> **Brief**
Pictures don't belong in the copy; print all the records exactly.

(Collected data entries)
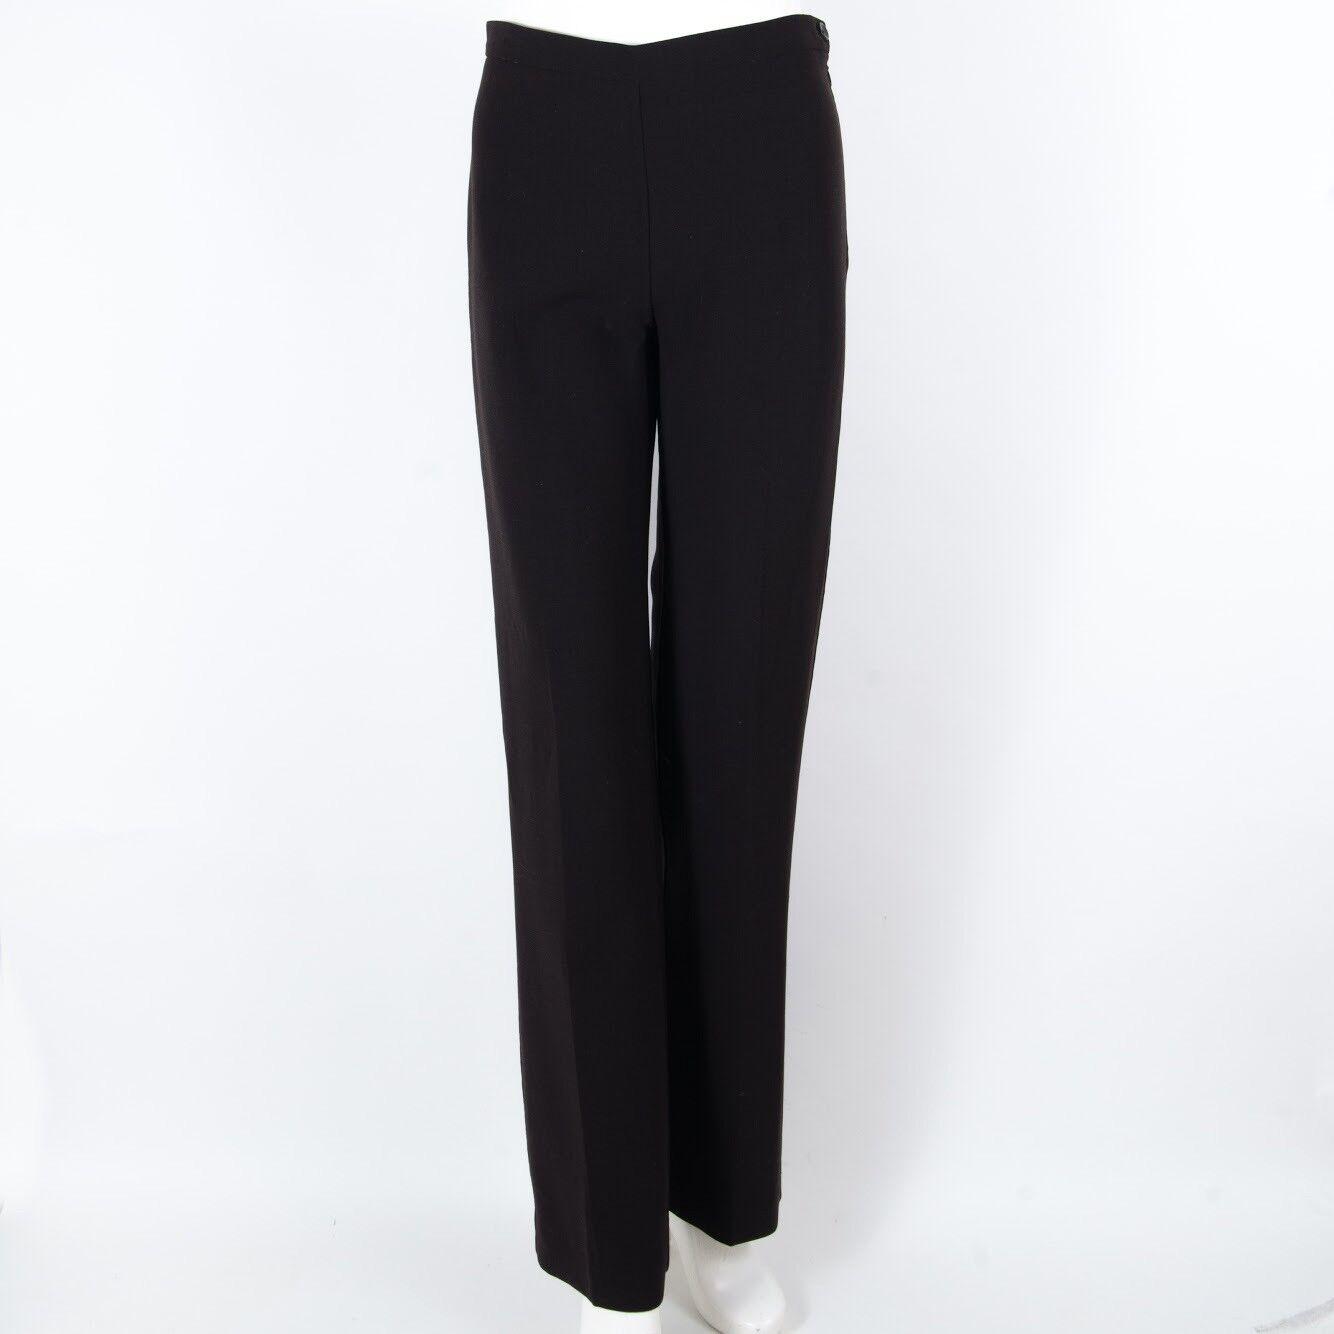 NWT Agnona Pants Dressy Trouser Flat Front Side Zip Dark braun Wool IT 40 US 4
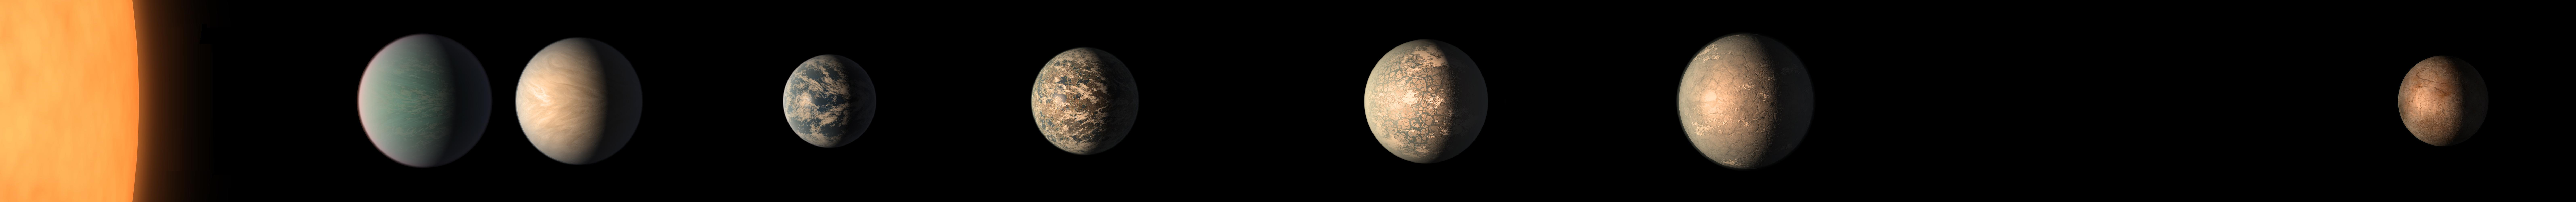 TRAPPIST-1 navbox.jpg
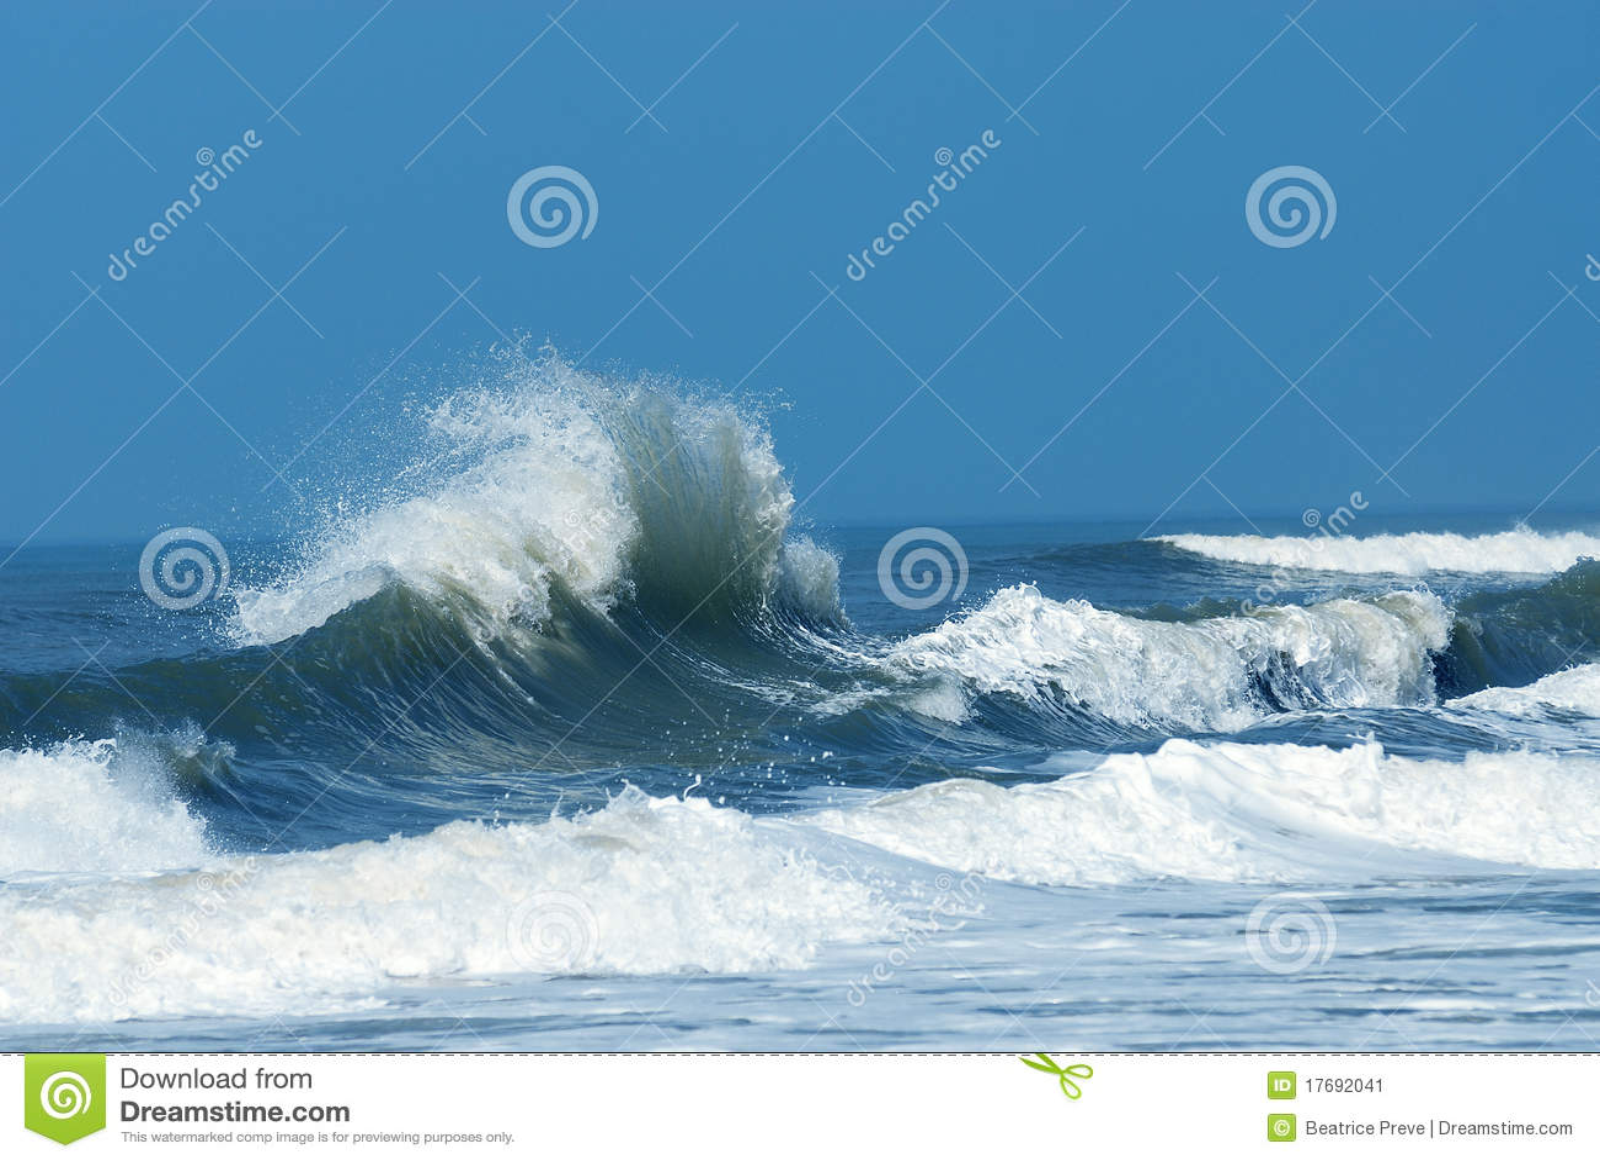 разбивая мощная волна
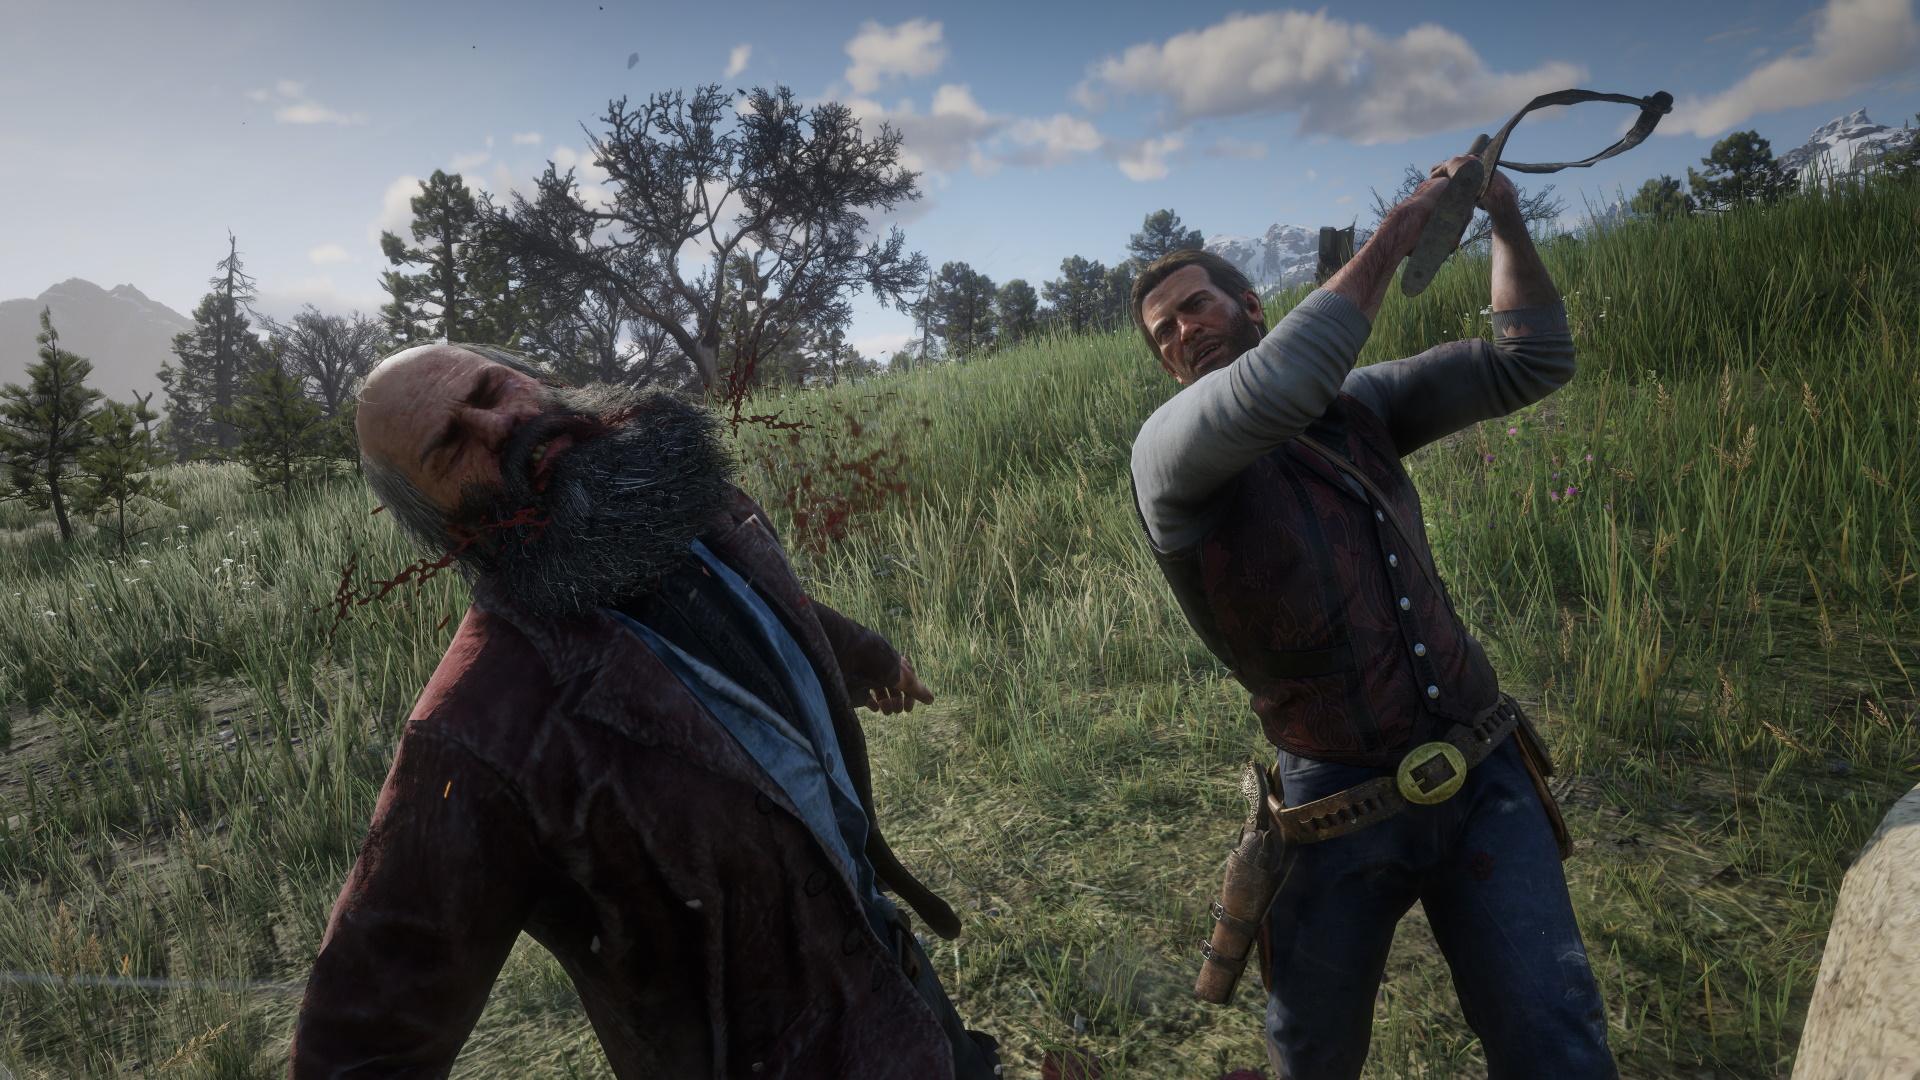 Red Dead Redemption 2 - Best Action Games 2020
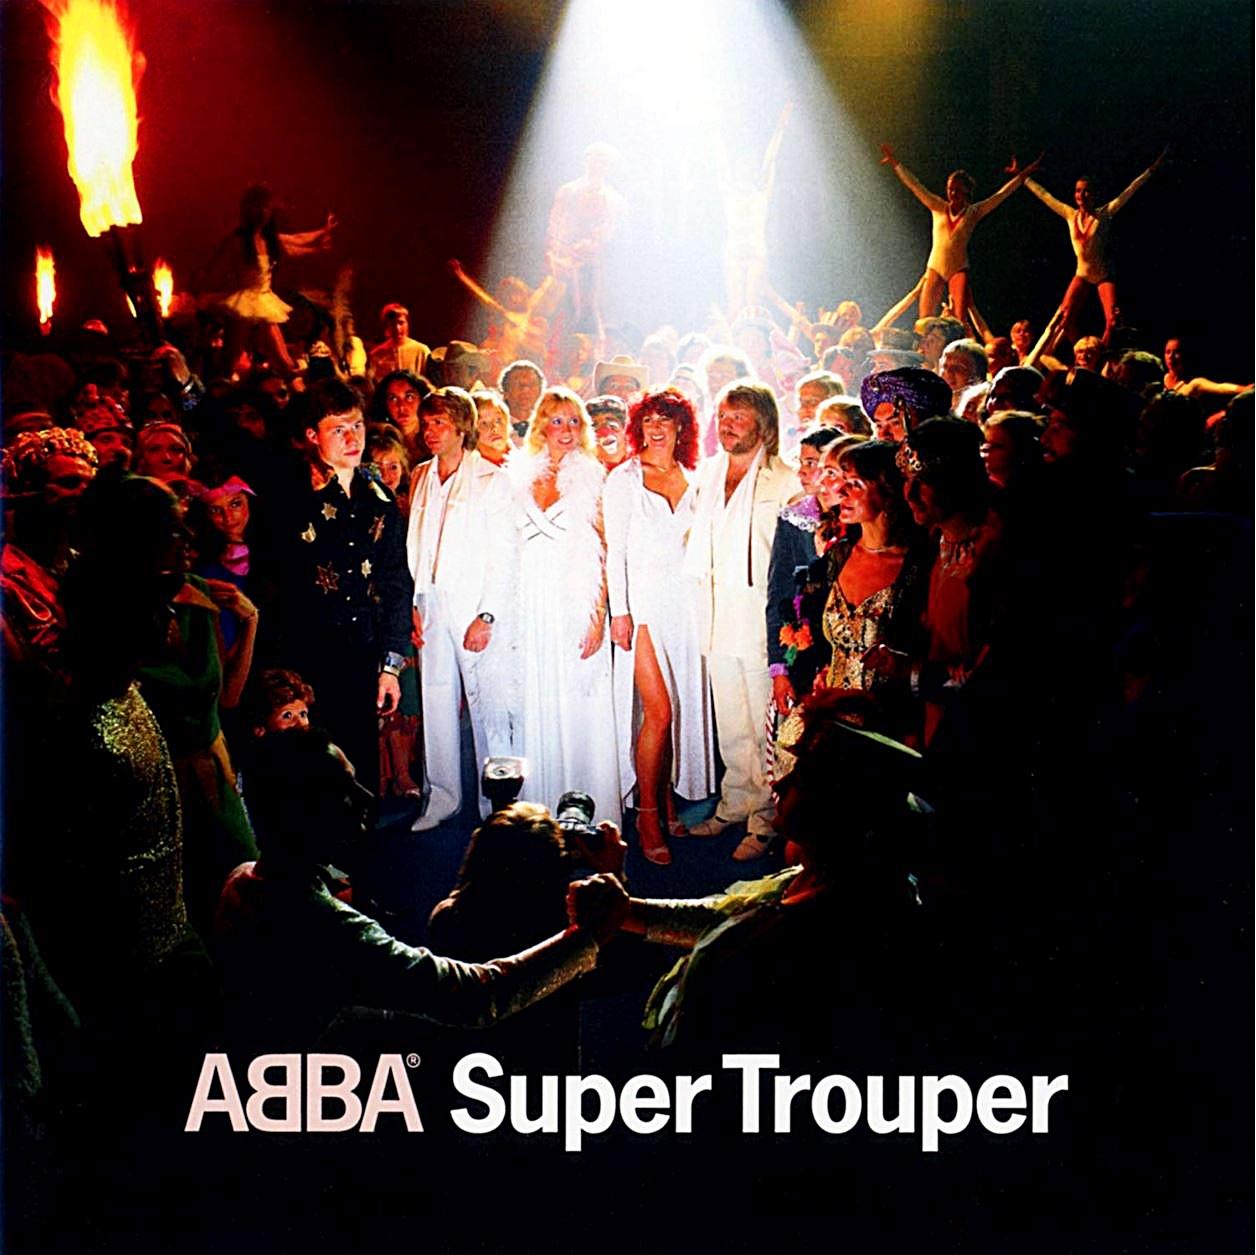 ABBA의 Super Trouper 음반 표지

> **Task response**
 NWT Agnona Pants Dressy Trouser Flat Front Side Zip Dark braun Wool IT 40 US 4
 TRAPPIST-1 navbox.jpg
 разбивая мощная волна
 Red Dead Redemption 2 - Best Action Games 2020
 ABBA의 Super Trouper 음반 표지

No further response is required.